Exercise requirements =
Without the pictures, can you quote each line below exactly?

Data segment =
+++

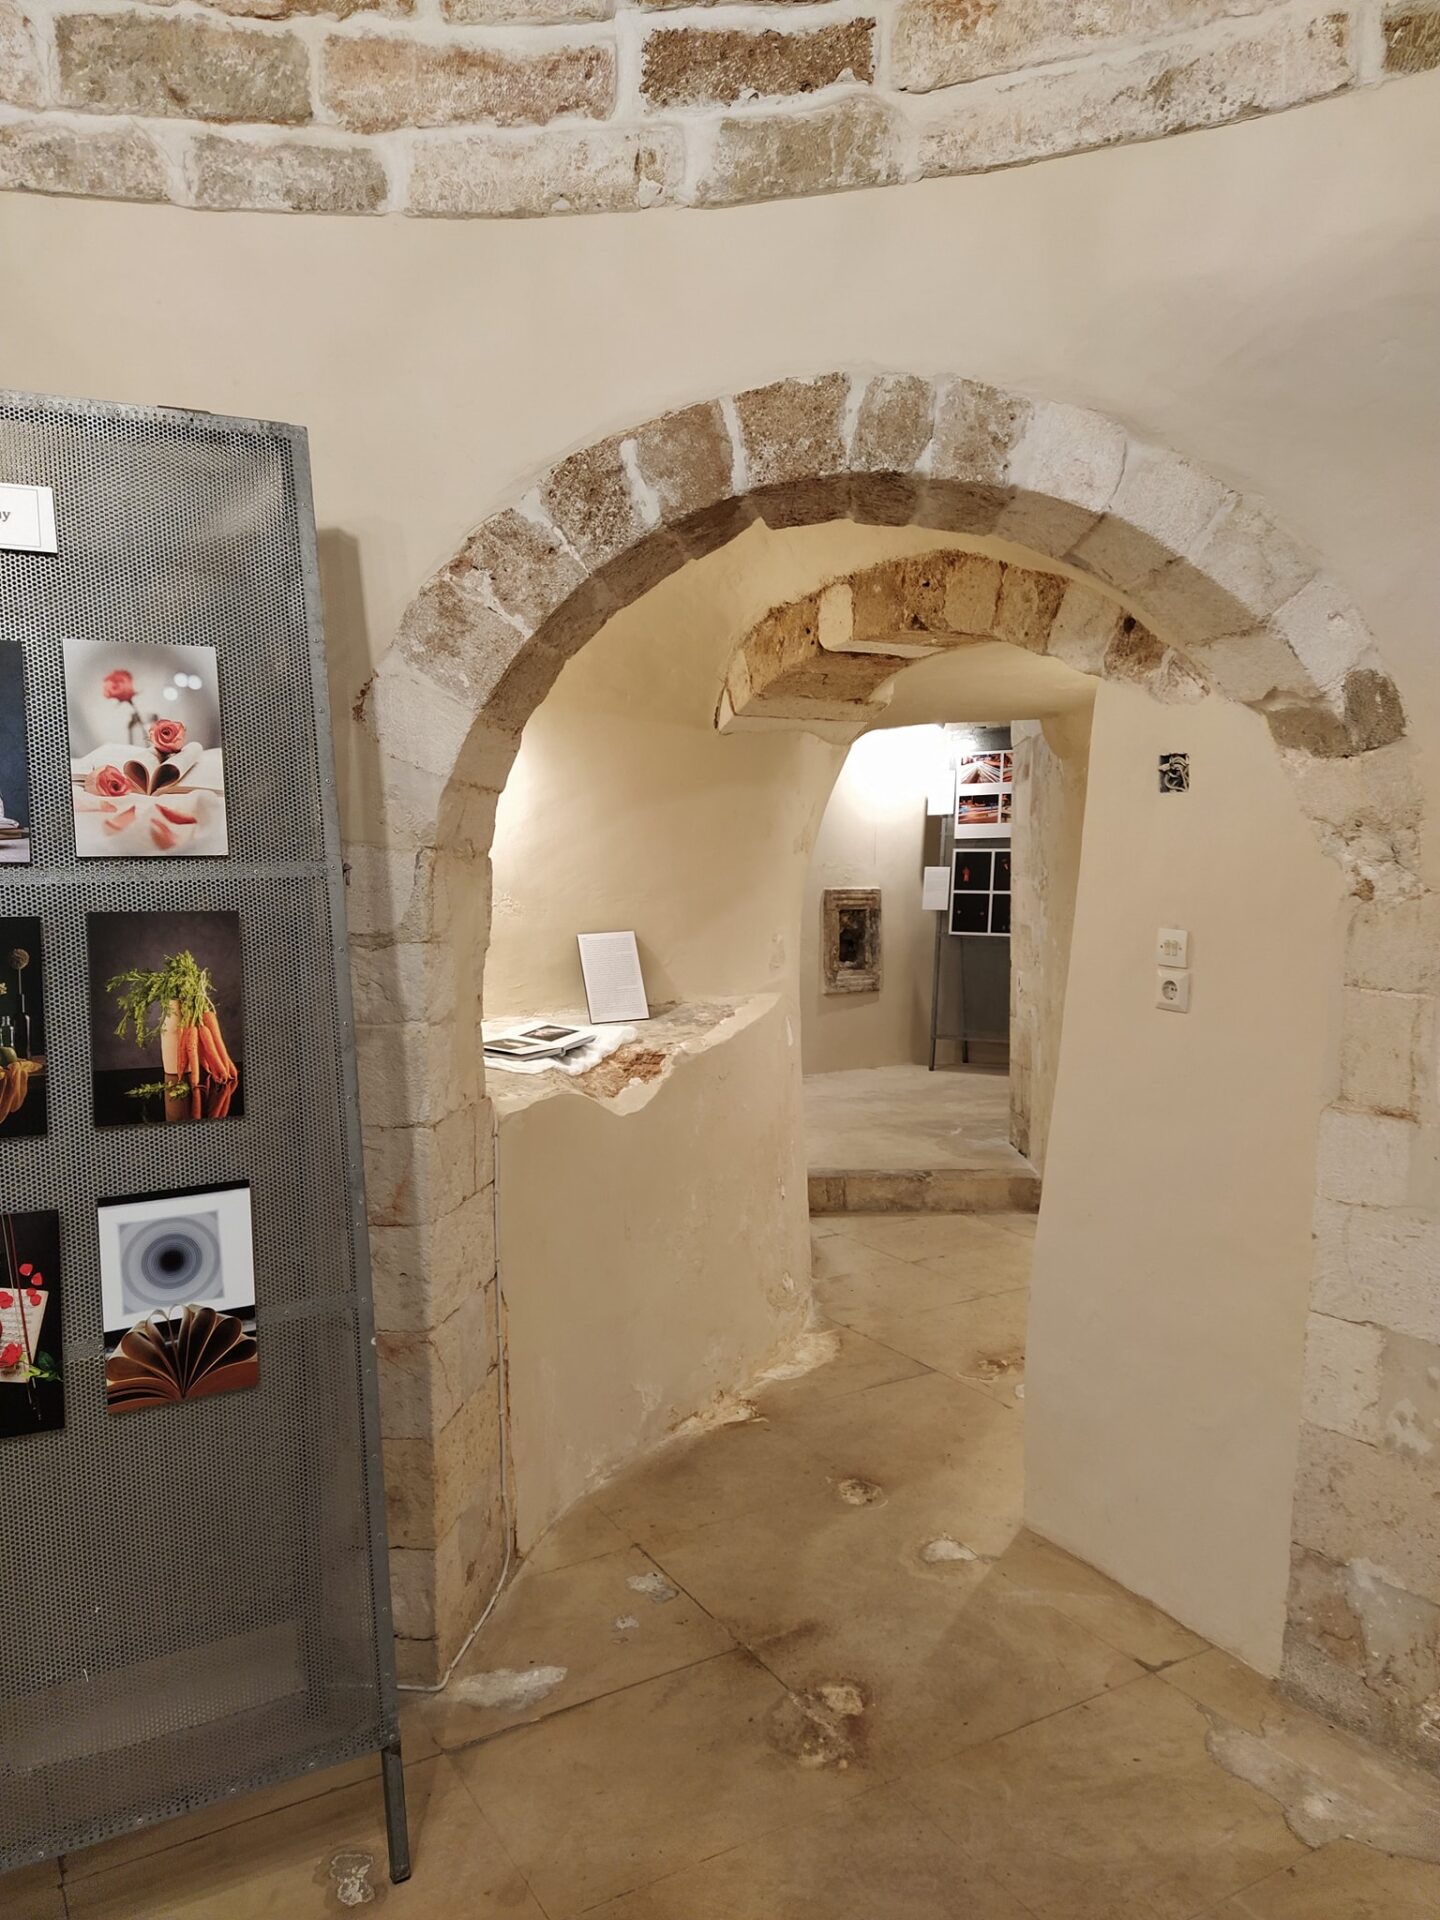 Insights Greece - Old Hammam in Chania Becomes an Art Gallery 
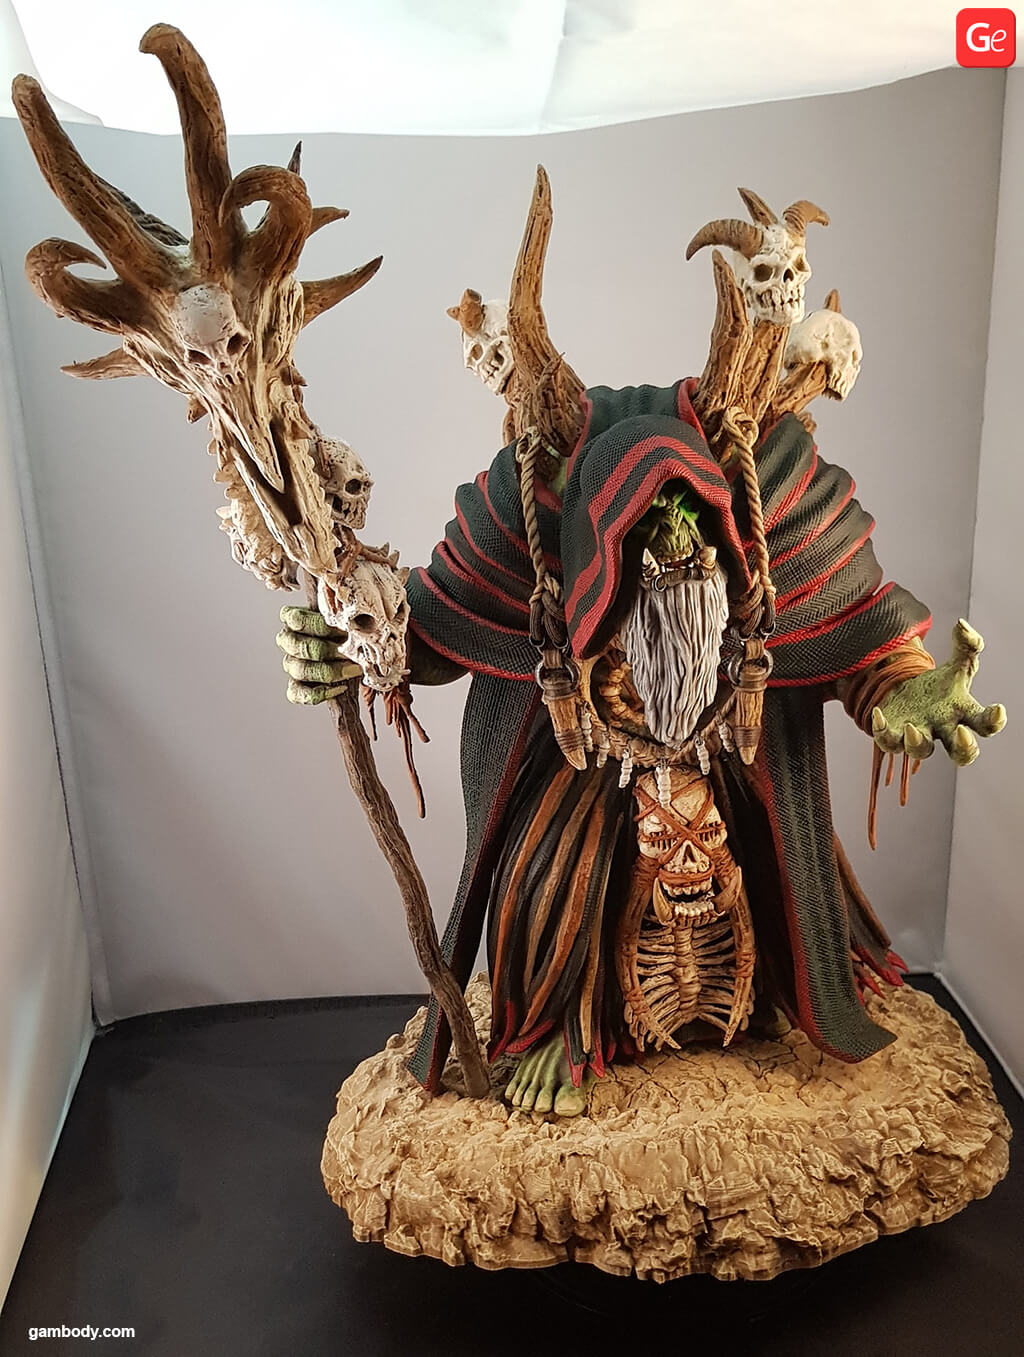 Gul'dan 3D figurine printed on Anycubic I3 Mega affordable 3D printer for beginners in 2019
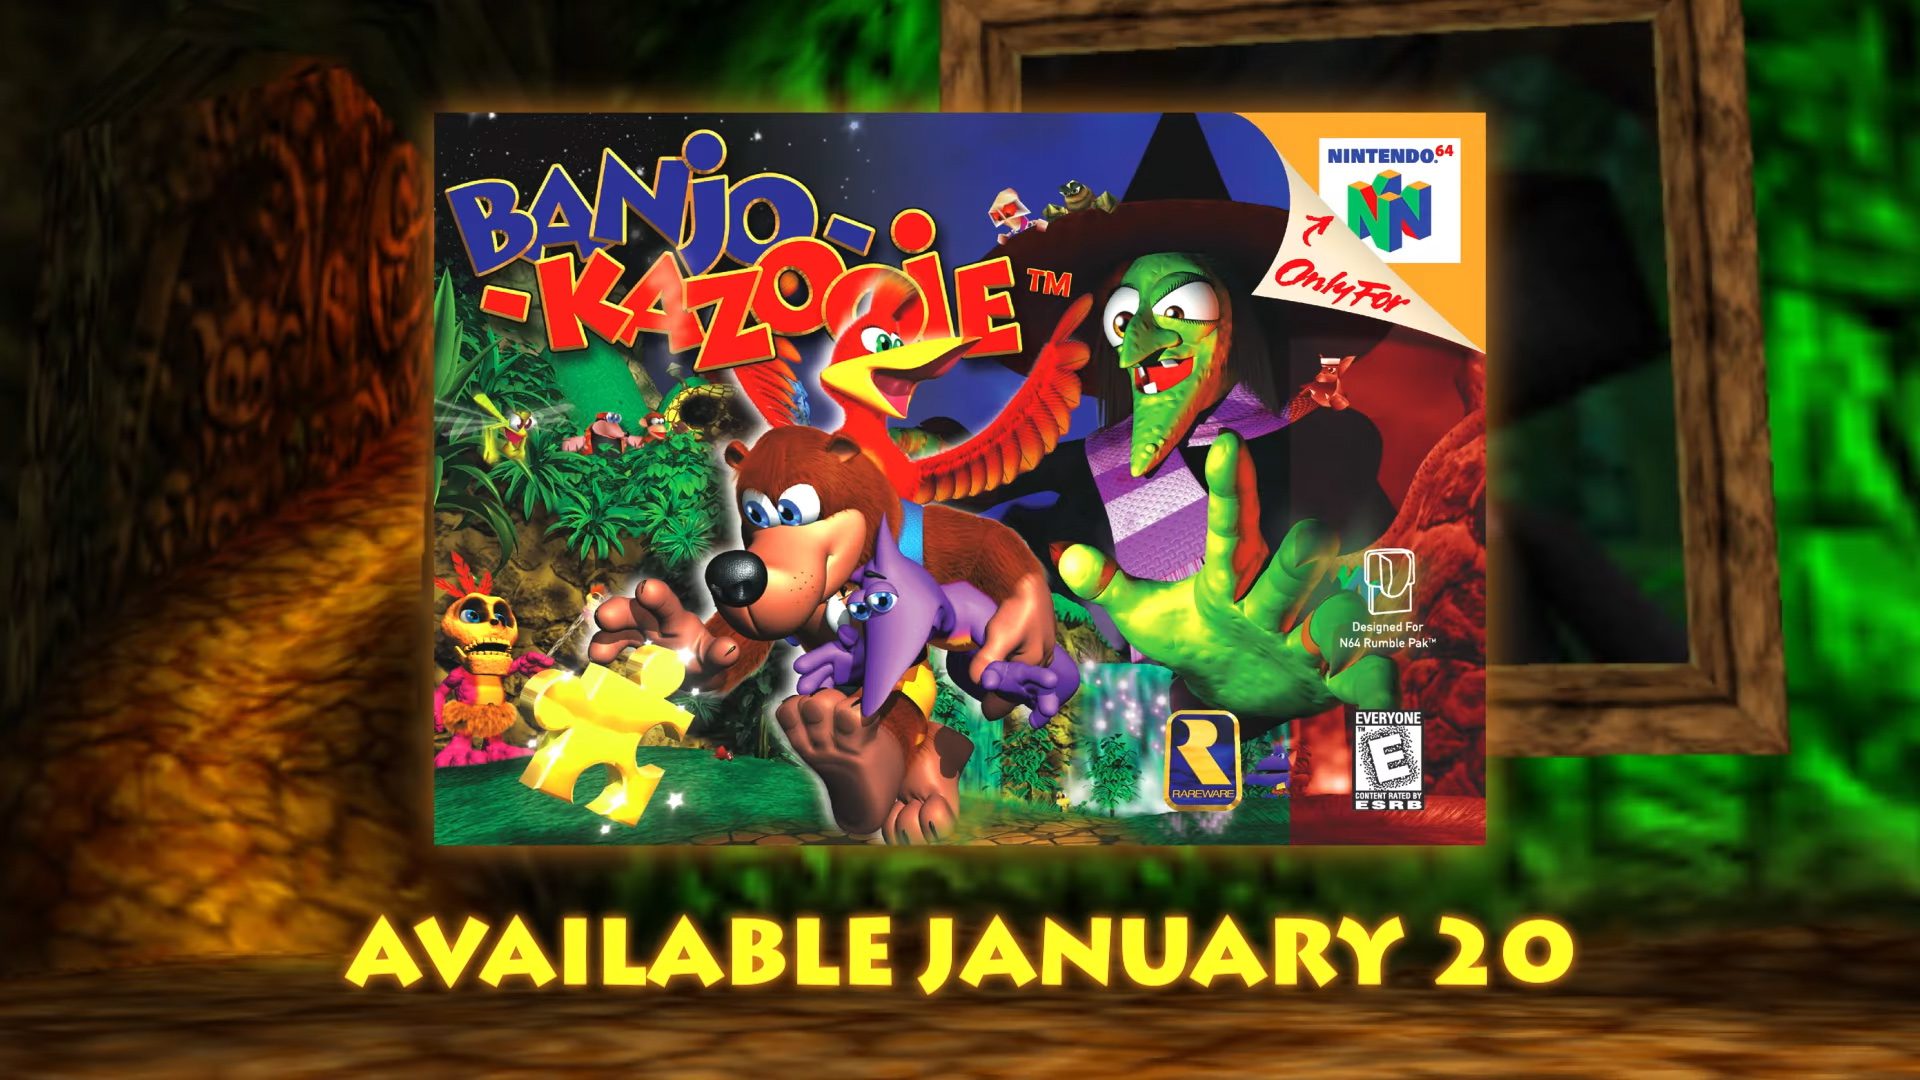 Banjo-Kazooie Spanish ROM patch now available - N64 Squid
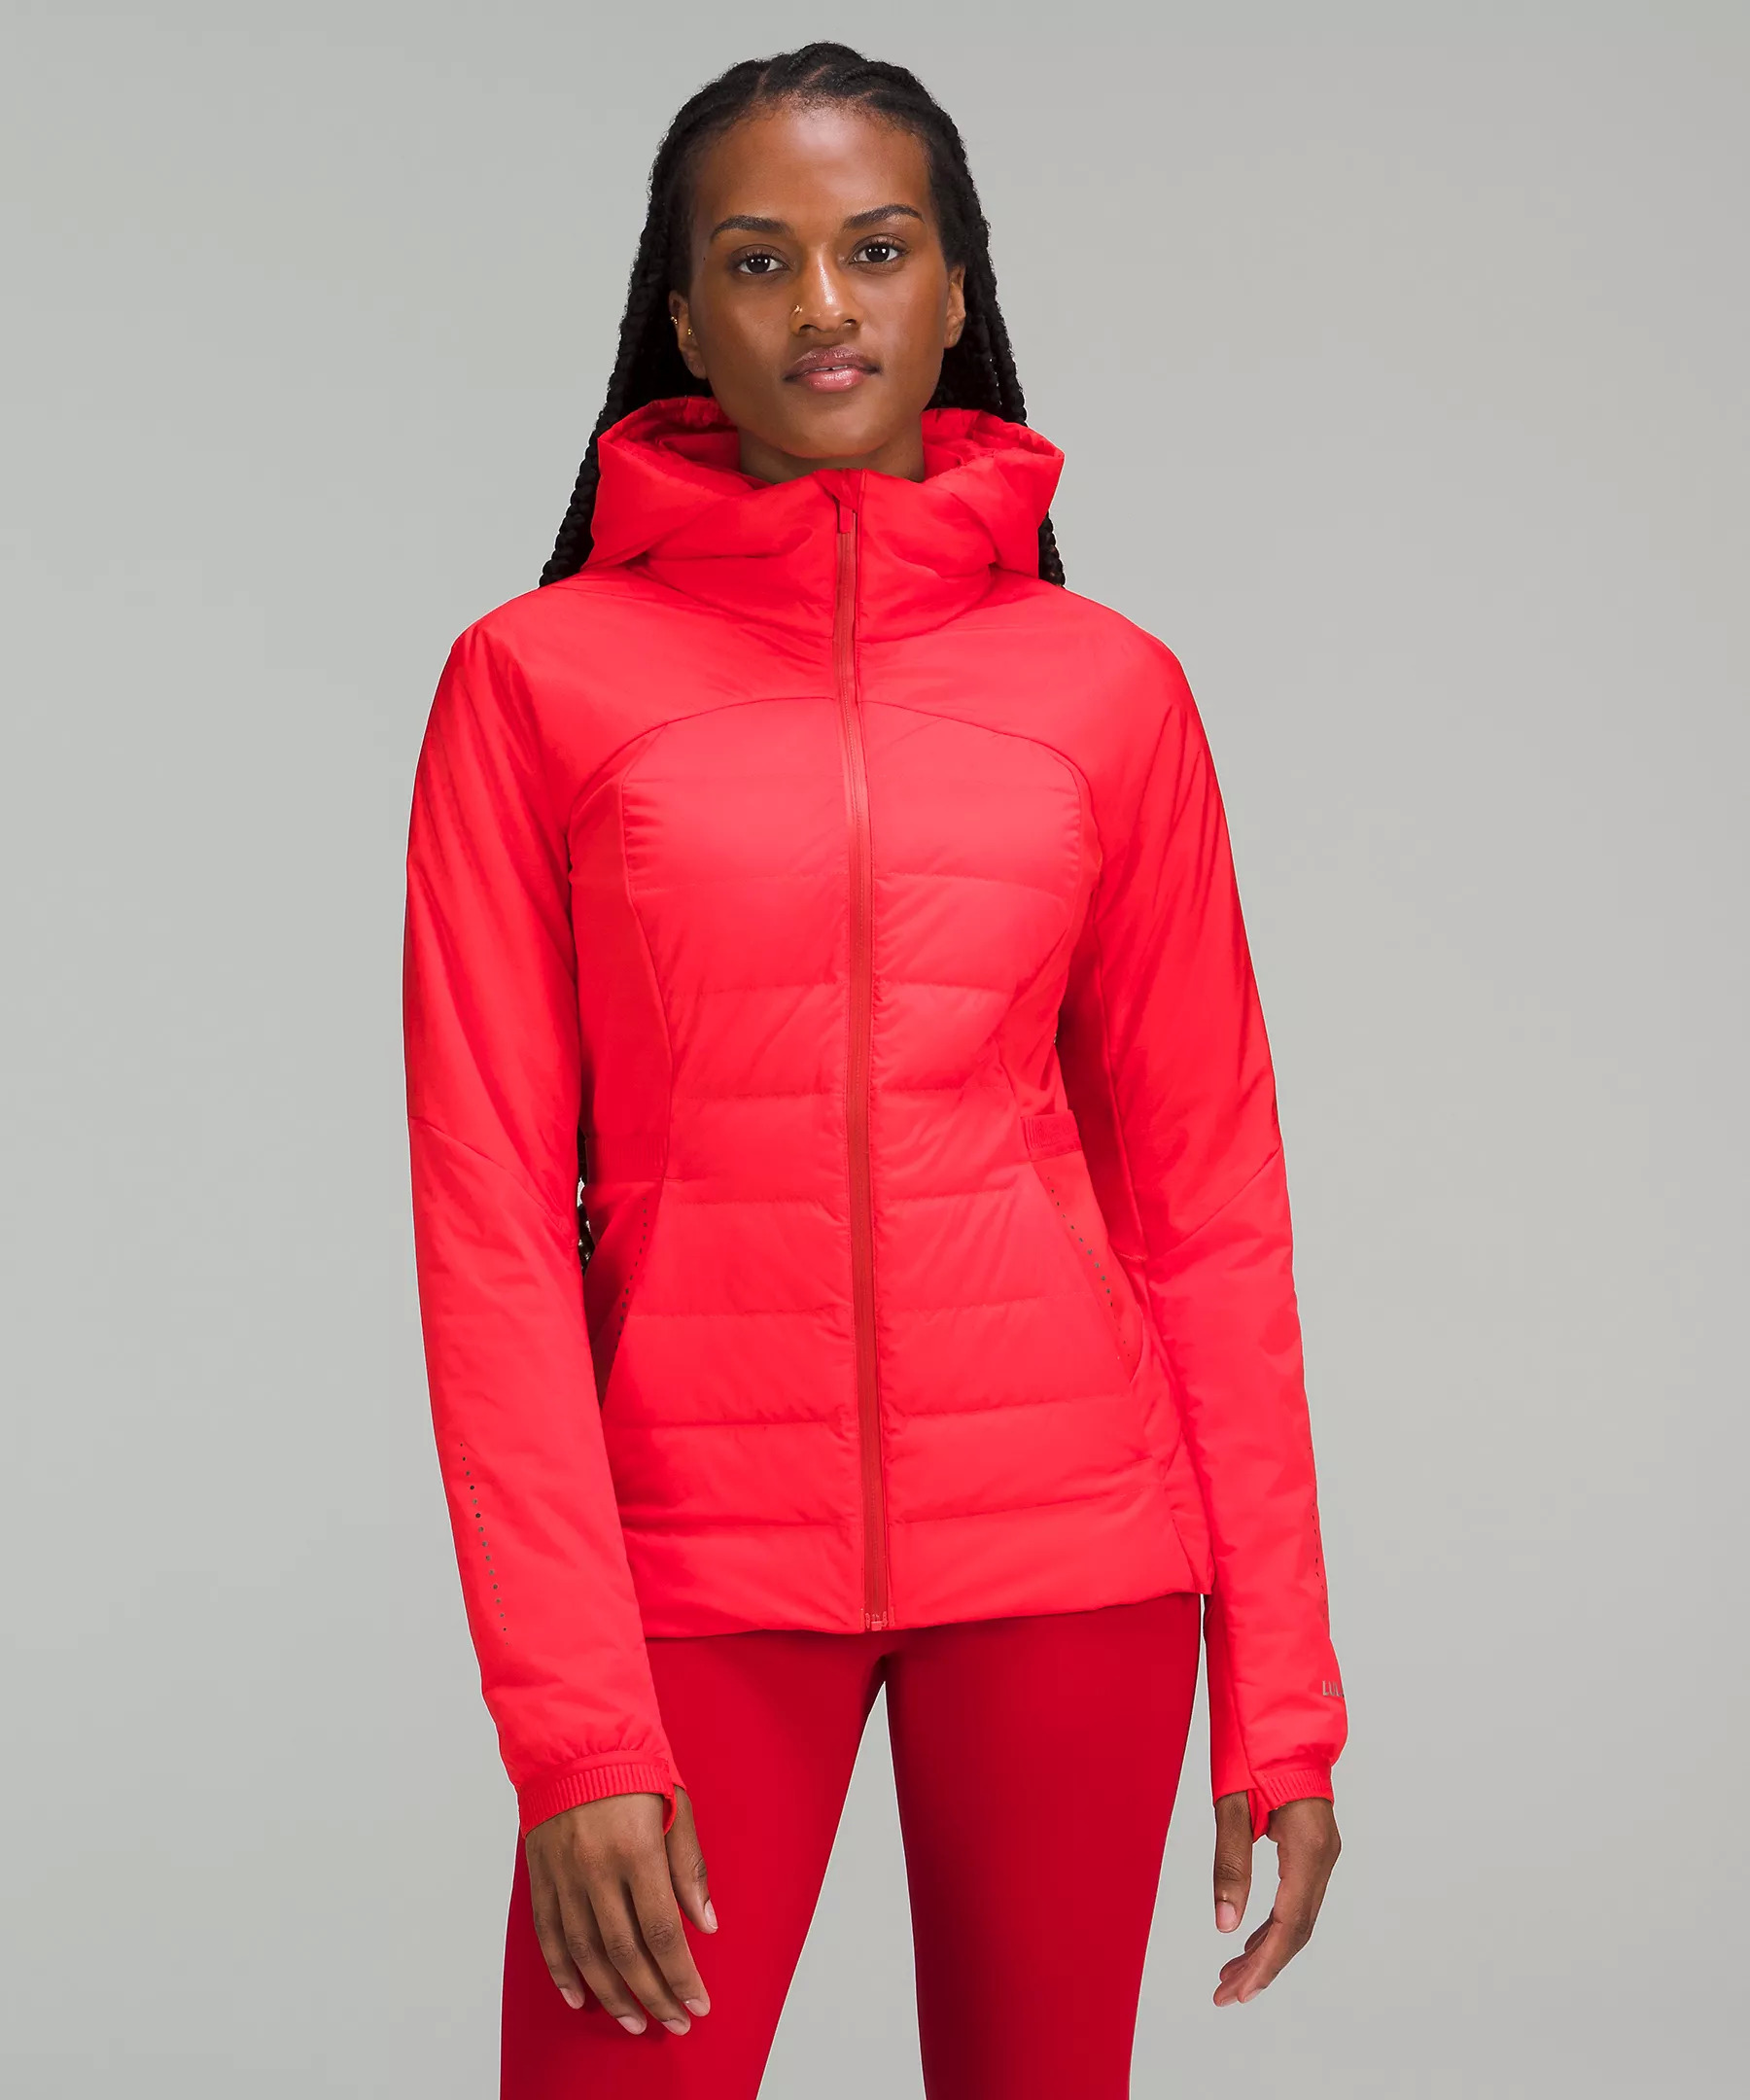 lululemon Women's Down for It All Running Jacket (Carnation Red, Size 0-8) $99 + Free Shipping

+++

Response area =
 Insights Greece - Old Hammam in Chania Becomes an Art Gallery 
 Gul'dan 3D figurine printed on Anycubic I3 Mega affordable 3D printer for beginners in 2019
 Banjo-Kazooie Spanish ROM patch now available - N64 Squid
 lululemon Women's Down for It All Running Jacket (Carnation Red, Size 0-8) $99 + Free Shipping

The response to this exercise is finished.